After graduating from Wesley, Julian studied at Monash University, completing a Master of Science and PhD in Virology. Among his other professional experiences, he conducted a four-year AusAid-funded teaching and mentor program in Vietnam for improving the diagnosis and detection of avian influenza virus and other respiratory viruses, before joining the Doherty Institute. Jointly operated by the University of Melbourne and the Royal Melbourne Hospital, the Institute is a $210 million facility bringing together hundreds of scientists from different areas – research, diagnostics, teaching, medicine and public health – to collaborate in the fight against infectious diseases: STEM writ large in a professional context.

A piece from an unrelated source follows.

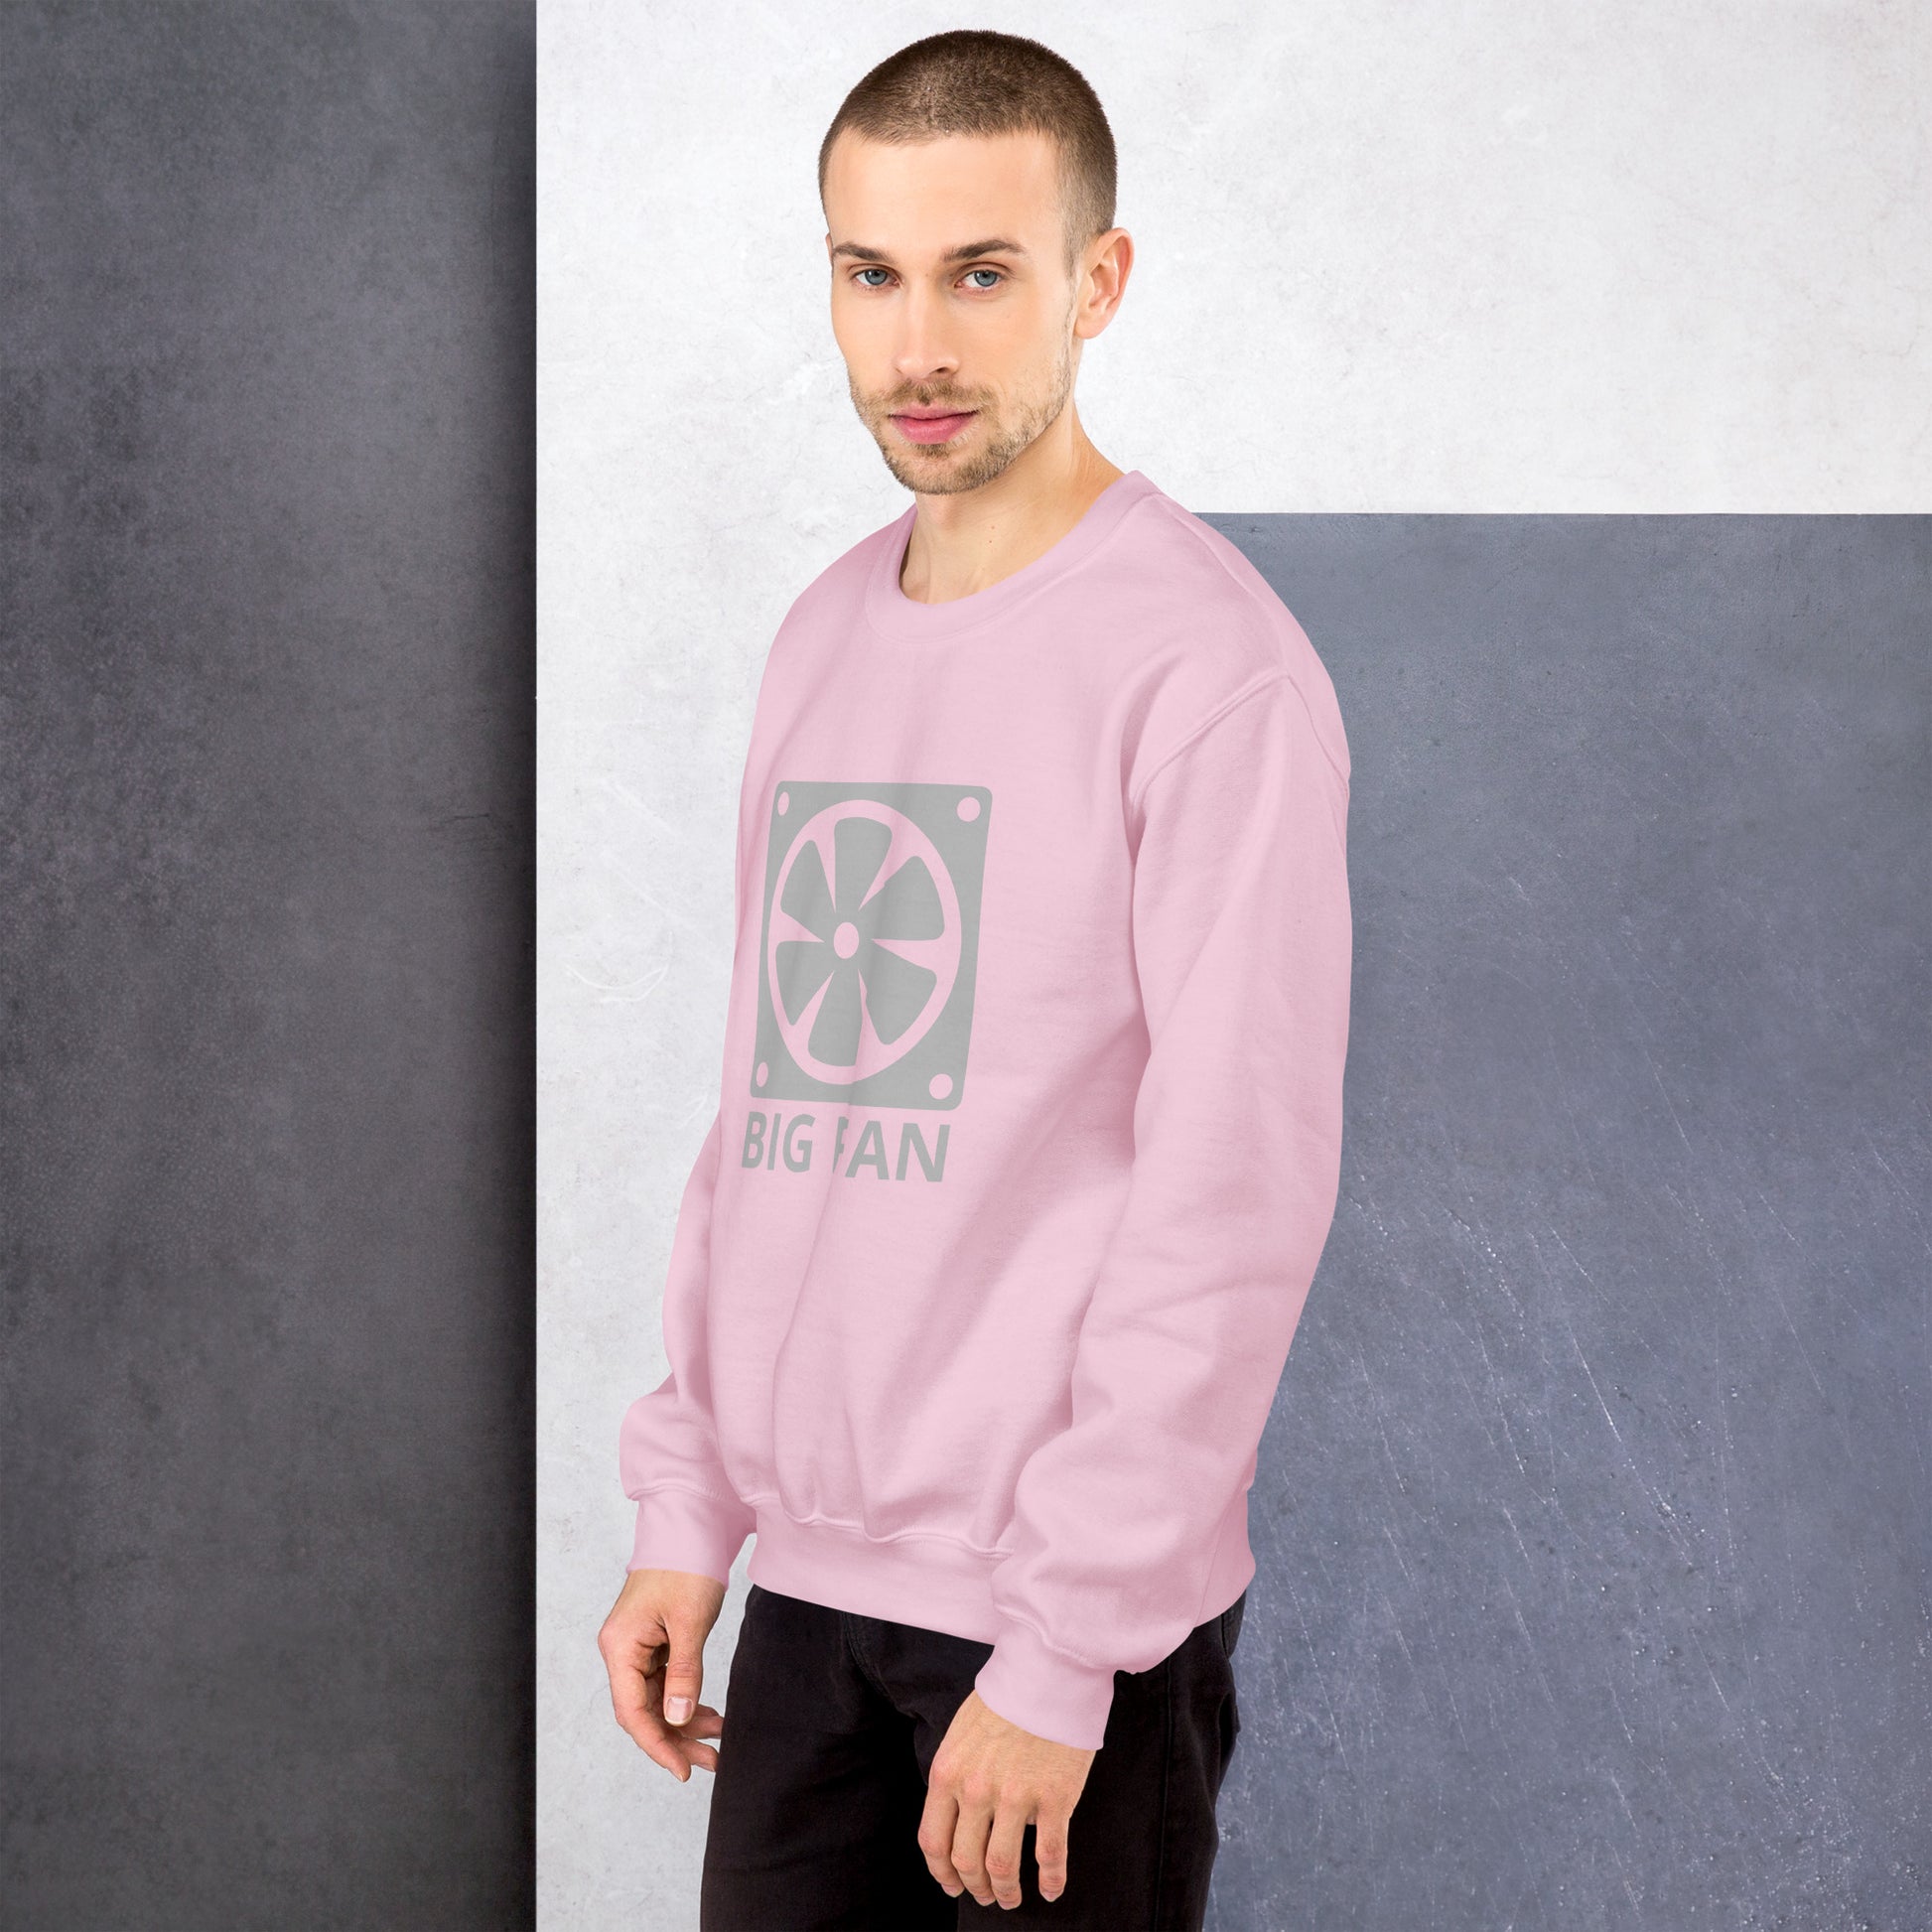 Men with pink sweatshirt with image of a big computer fan and the text "BIG FAN"

The first case of SARS-CoV-2 in Australia was diagnosed at 2am on Saturday, 25 January; just two days later, Julian had the virus growing in culture. Speaking later, Dr Mike Catton, Deputy Director of the Doherty Institute, said, ‘How pleased we are to have been able to grow this virus in a very short space of time, directly from a patient sample. That’s an art, and Julian is the artist.’ Needless to say, collaborating with the global community was foremost in their minds. ‘We’ve moved immediately to share this with our international colleagues,’ he said.

From Junior, Middle and Senior Schools, to university and beyond, our students are going out into the world equipped for many opportunities – and the contributions they can make by engaging in their subject passions and using their STEM skills are limitless. As Dr Finkel maintains, it’s developing the deep content knowledge and expertise in a specific discipline and developing the problem-solving, collaboration, creativity and critical-thinking skills that are at the heart of STEM that will provide our students with the agency necessary to thrive in a changing world.

And maybe, like Zeb Nicholls, Amy Cohn and Julian Druce before them, they’ll be there helping address some big questions being asked about our daily lives, or even the future of our planet.

Paul Munn is the Editor of Wesley’s community magazine, Lion, in which this article first appeared.